First, I put 1 cup of warm (105F to 115F) water in a large bowl.  I sprinkled it with 1 packet (1/4 ounce) of active dry yeast and let the mixture stand until it was foamy (about 5 minutes).

Next, I added 2 tablespoons of sugar, 2 tablespoons of melted butter, 1 large egg (lightly beaten), and 3/4 teaspoon of table salt to the yeast-water mixture, whisking to combine.  I added 3 cups of all-purpose flour (spooned and leveled), stirring with a wooden spoon until everything was incorporated and a sticky dough had formed.  Using a pastry brush, I brushed the top of the dough with more melted butter, covered the bowl with plastic wrap, and set it aside until the dough had doubled in bulk (about 1 hour).

After the hour had passed, I turned the dough out onto my well-floured kitchen counter.  With floured hands, I rolled the dough into a thick log and cut it into 9 equal pieces.  (I cut the log into thirds, and then cut each third into thirds.)

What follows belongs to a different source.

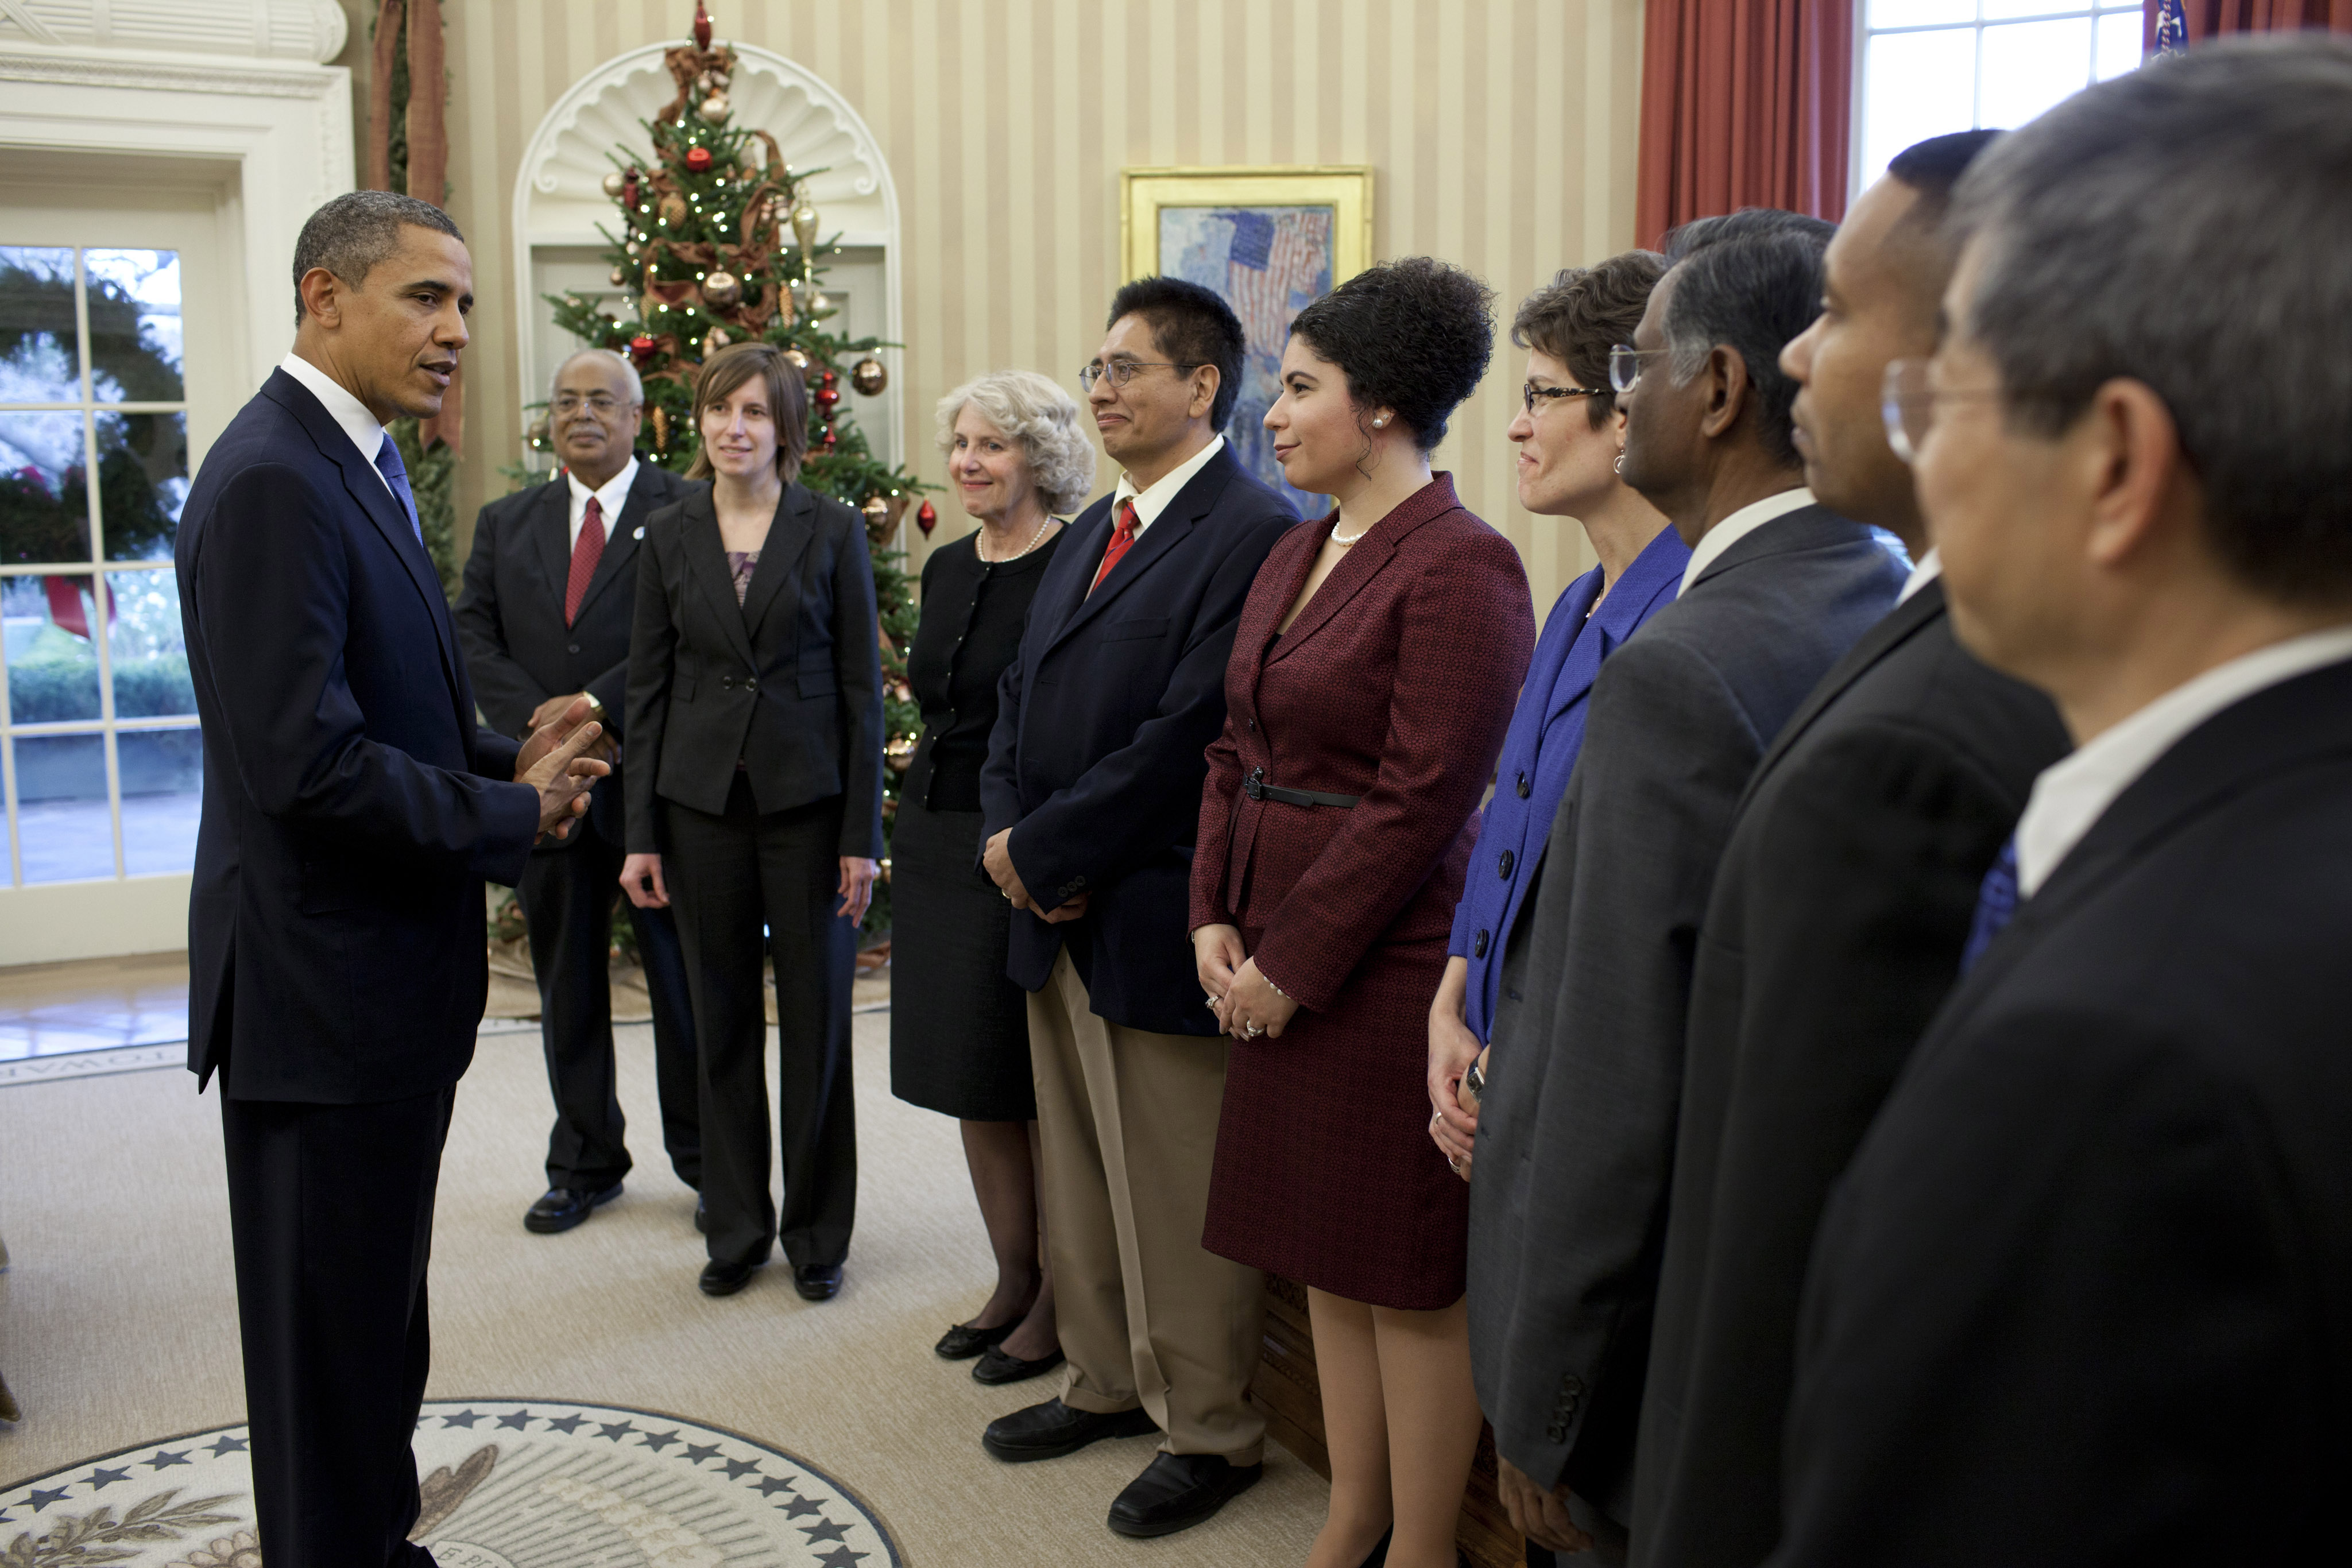 President Obama meets with 2011 PAESMEM recipients

To prepare for baking, I brushed an 8 x 8-inch pan with melted butter.  I used my hands to flatten each piece of dough individually, then folded the edges towards the center, pressing to secure, until a smooth ball formed.  I put the dough balls in the prepared baking pan (smooth side up), covered the pan loosely with plastic wrap, and let them rise in a warm place until doubled in bulk (about 30 minutes).

Unbaked No-Knead Dinner Rolls

After the rolls had risen adequately, I removed the plastic wrap from the pan and baked them at 400F for 35 minutes.  The recipe said to tent the rolls if they were browning too quickly.  I tented them when I checked them at the 20-minute mark, but I probably would have tented them at the 15-minute mark if I had checked them sooner.  (The ended up a bit more brown that I would have liked.)  I pulled the rolls apart and served them warm.

No-Knead Dinner Rolls

Considering that this was just about the easiest bread recipe ever, the rolls were pretty good.  The “shell” was a bit firmer than I like and I already mentioned that they were a bit too brown, but the bread really was delicious.  Plus, I could take the credit for making them from scratch (with hardly any work, seriously) and the house smelled heavenly.  I think this recipe would be absolutely perfect for “beginner” bread makers; it’s pretty straightforward and hard to screw up, but the results are worthwhile.

TIP:  The recipe says you can skip the second rise and refrigerate the rolls for 4 hours or up to 1 day instead.  That way, you could make the dough and form the rolls the night before or the morning of, and then just move them directly from the refrigerator to the oven when you’re ready to bake them.